By doing this we told Invenio to register our new schema and mapping. We are also defining the name of the Elasticsearch index which will be created to enable author search.

Step 4: External representation: loaders and serializers

So far we have a new extension which defines how our data model is stored and searchable, but have not yet provided means to transform this data when it's received or served by Invenio. To do so, we will introduce two new concepts: loaders whose responsibility is to transform incoming data to the internal format, and serializers which will be in charge of transforming the internal data to a different format, based on our needs.

Actions

For creating and registering our loaders we should:

  • Uncomment the code in the my_site/authors/loaders/__init__.py

  • Uncomment the following lines from my_site/authors/config.py.

    - # record_loaders={
    - #     'application/json': ('my_site.authors.loaders'
    - #                          ':json_v1'),
    - # },
    + record_loaders={
    +     'application/json': ('my_site.authors.loaders'
    +                          ':json_v1'),
    + },

For creating and registering the record serializers we should:

  • Uncomment the json_v1_response variable in the my_site/authors/serializers/__init__.py

  • Uncomment the following lines from my_site/authors/config.py.

    - # record_serializers={
    - #     'application/json': ('my_site.authors.serializers'
    - #                          ':json_v1_response'),
    - # },
    + record_serializers={
    +     'application/json': ('my_site.authors.serializers'
    +                          ':json_v1_response'),
    + },

For creating and registering the search serializers we should:

  • Uncomment the json_v1_search variable in the my_site/authors/serializers/__init__.py

  • Uncomment the following lines from my_site/authors/config.py.

    - # search_serializers={
    - #     'application/json': ('my_site.authors.serializers'
    - #                          ':json_v1_search'),
    - # },
    + search_serializers={
    +     'application/json': ('my_site.authors.serializers'
    +                          ':json_v1_search'),
    + },

During the first step, we registered our loader in the configuration of our new authors endpoint. Now every time we try to create a new author the loader is going to transform the incoming data to match the internal representation of an author document in our system.

In the upcoming steps, we created and registered our serializers. We split them into two categories: Record serializers and Search serializers. The first is used to serialize the internal representation of one specific record (e.g author) while the latter is transforming each record result of a search. They are capable of doing that by using again a Marshmallow schema which we will explain in detail in the next section.

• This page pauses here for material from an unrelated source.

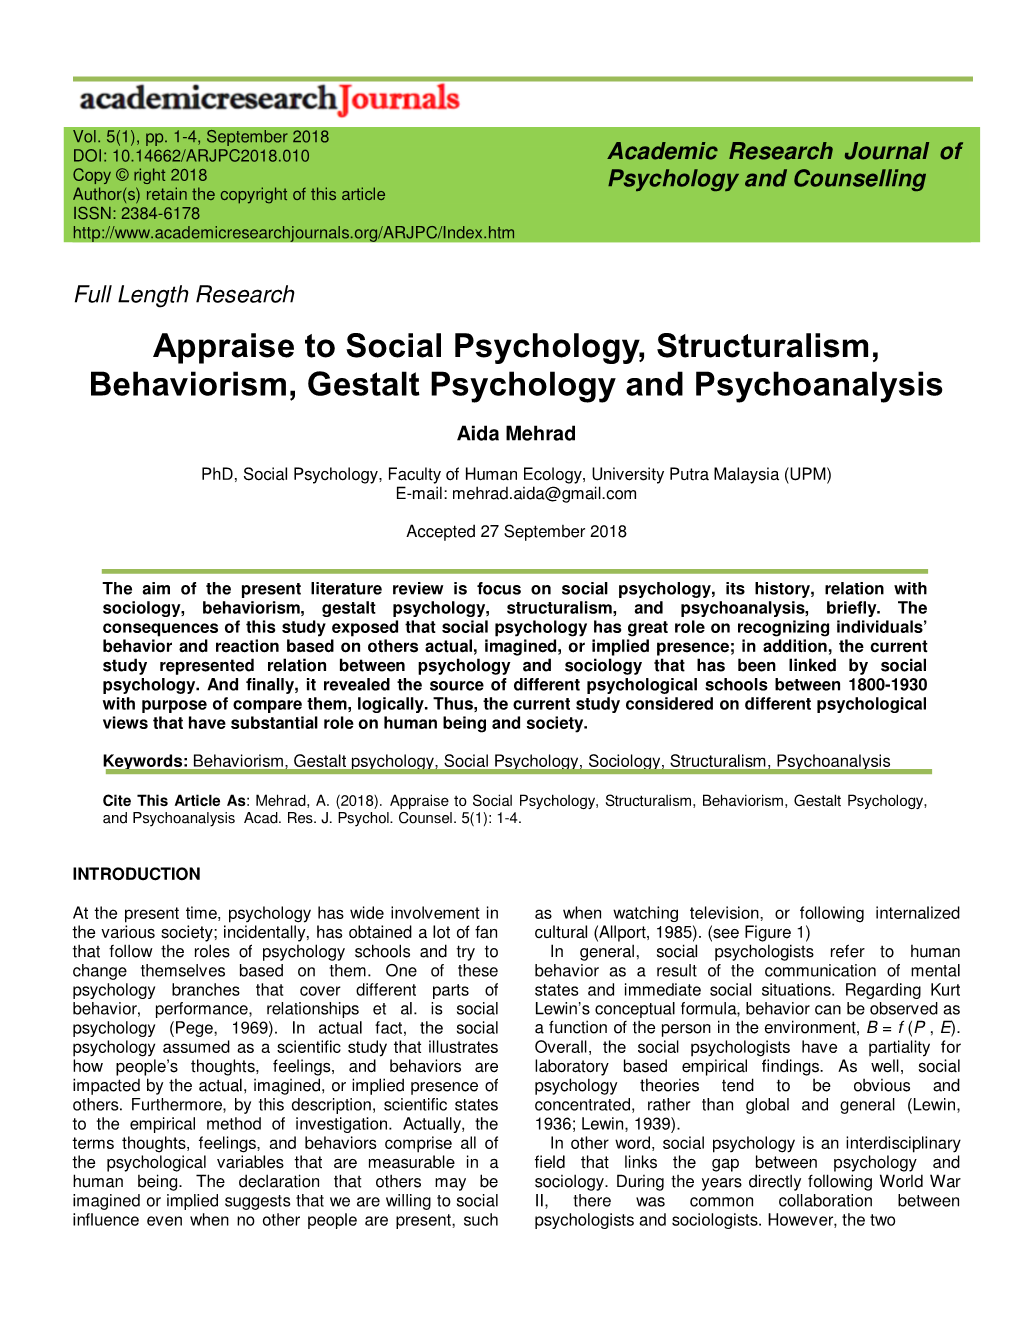 Appraise to Social Psychology, Structuralism, Behaviorism, Gestalt Psychology and Psychoanalysis

Step 5: Data validation: Marshmallow

In the previous section we have configured loaders and serializers but we also started to configure our first validation check by making reference to two Marshmallow schemas. These schemas will make sure that the data has the correct format both when it arrives to the system and when it is returned to the user.

Actions

  • Uncomment the code in the my_site/authors/marshmallow/json.py

Here we have added two classes which we made reference in the previous step, AuthorMetadataSchemaV1 and AuthorSchemaV1. The first will take care of validating incoming author metadata and the second will take care of validating the author output format. Marshmallow is not mandatory, but highly recommended since it can do from simple validations to complex ones, for more information visit Marshmallow documentation.

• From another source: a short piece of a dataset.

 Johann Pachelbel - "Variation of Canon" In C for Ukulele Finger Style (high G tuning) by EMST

Step 6: Persistent identifiers

So far we have only cared about our content and its format, but we need to provide a way to retrieve our records. We are doing this by using PIDs, and the difference with normal IDs is that they do not change over time to avoid broken references.

Having identifiers which do not change over time adds certain complexity to the system. We need to have a way of generating new PIDs, which what we will reference as minters and we will also need a way of identifying the PID inside the record metadata, this is what fetchers do.

Actions

  • Uncomment the code in my_site/authors/fetchers.py

  • Uncomment the code in my_site/authors/minters.py

  • Uncomment the following lines from my_site/authors/config.py:

    pid_type='authid',
    - # pid_minter='authid',
    - # pid_fetcher='authid',
    + pid_minter='authid',
    + pid_fetcher='authid',
    default_endpoint_prefix=True,
  • Uncomment the following lines from my-site/setup.py.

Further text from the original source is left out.